Financial aid is a state and federal government system of loans and grants available to all qualified individuals seeking college funding. All graduating high school students and adults with a GED or High School Diploma can access grants through FAFSA or CSAC (see below).
This system was set up to support potential college students who need access to the financial resources required to pay for college. Filing for financial aid on time could get you or your student access to enough grant money to cover the entire cost of college, but that depends on where your student goes to college (state school vs. private school) and household income.
The College and Career Center is always ready to help students and parents pursue these resources!
The FAFSA is the Free Application for Federal Student Aid. It's U.S. Government online application that provides access to subsidized and unsubsidized student loans (more on those below), as well as federal grants. The application is free and will never ask you for your credit or debit card numbers or any payment form. The application may ask you for dollar amounts in your banking account but will never ask for your bank account numbers. Some websites look like the FAFSA website but are actually a private service that will charge you to complete the FAFSA on your behalf.
Again-- the FAFSA IS ALWAYS FREE! If you're being asked to pay, you're on the wrong website.
Student must have a valid Social Security Number
CSAC stands for the California Student Aid Commission. FAFSA is managed by the federal government, while the State of California governs CSAC. CSAC provides access to state grants (free money that does not need to be repaid). These grants are available to all eligible California resident students. Additionally, CSAC provides access to the Dream Act application and Dream Act funding.
If the student does not have a social security number or has a work-only social security card, they will likely not be eligible for FAFSA funding. Still, they will be eligible for Dream Act funding through CSAC.
For more on the Dream Act, click here.
Grant
Available through the FAFSA and the California Student Aid Commission (CSAC)
Free money! You do not have to repay grants.
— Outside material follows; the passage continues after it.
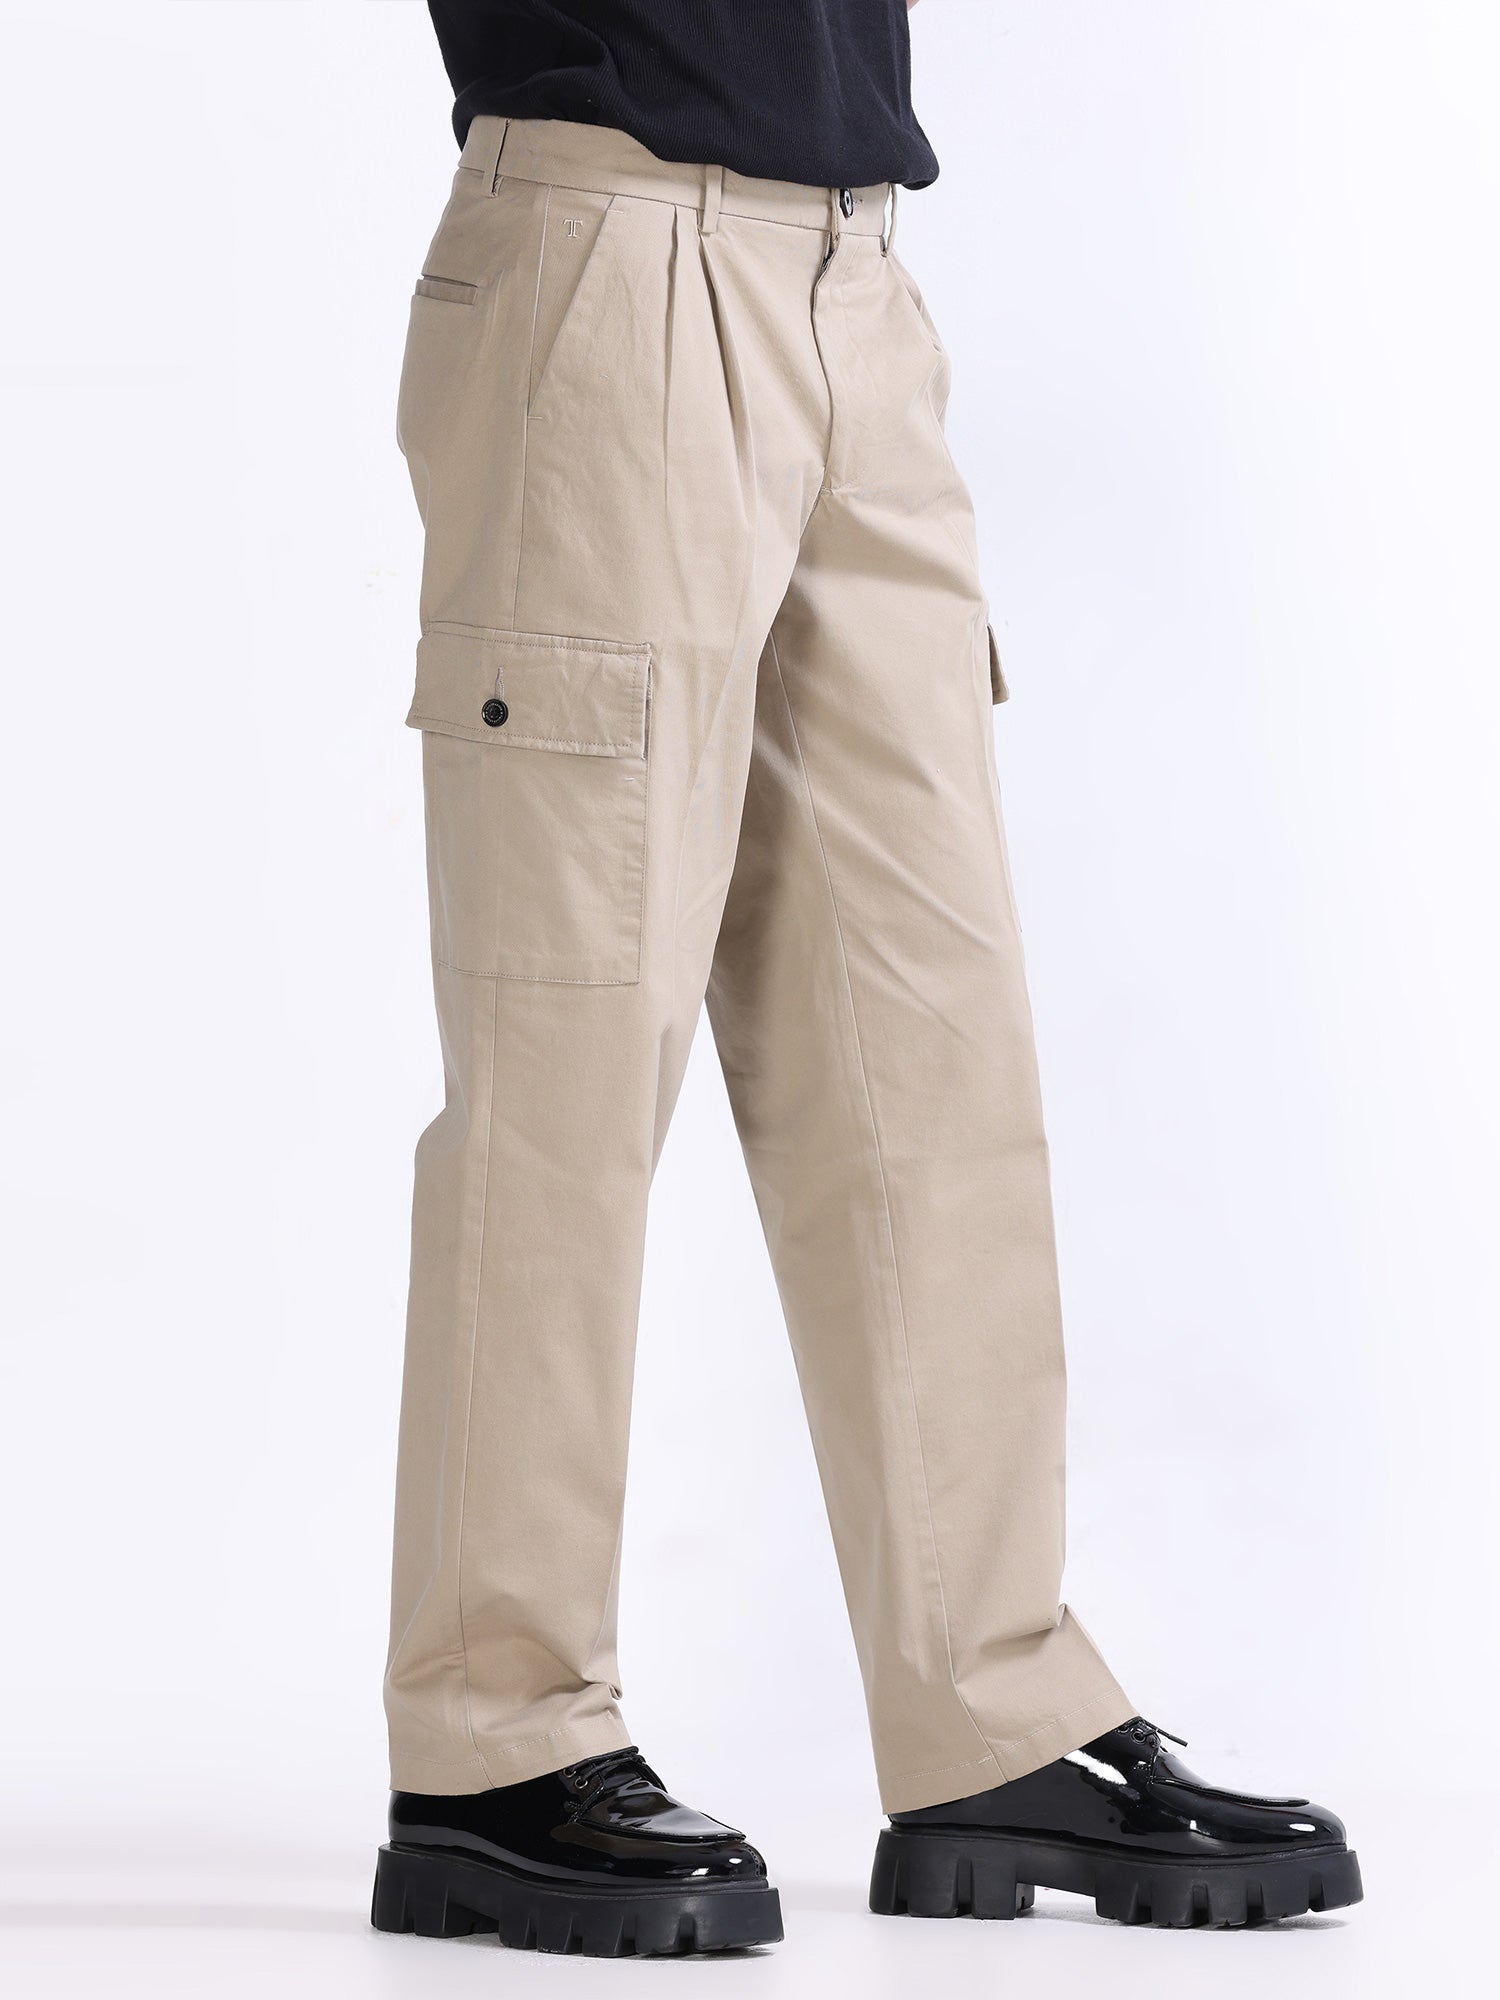 Men's pants grey 28|Custom Made Pants - Online in India | Bow & Square

Pell Grants (FAFSA) are available to students demonstrating a financial need
Scholarship
Free money from a private funding source
The funder determines the criteria that must be met to qualify for the scholarship
Can be competitive
Most use information from the FAFSA to determine scholarship rewards
Subsidized Loan
Available through FAFSA
For students who demonstrate a financial need
The government pays the interest while the student is enrolled at least part-time, and for six months after graduation or during any deferment periods
Unsubsidized Loan
Available through FAFSA
Available to all students, no matter financial need.
Interest accumulates upon loan disbursement and will be included in payments charged to student once in repayment
California Dream Act
You dont have to watch the entire video here is minute-by-minute topic map
Start with CADA if unsure: AB 540 skip logic helps determine eligibility
If not eligible: prompted to speak to counselor/college financial aid office
Registration details: legal name, username rules, email password link (24-hour window)
Security questions + tip: save answers in phone contact notes
Two-factor email verification code for each login
5 sections: student / spouse / parent / other parent / sign & submit (varies by situation)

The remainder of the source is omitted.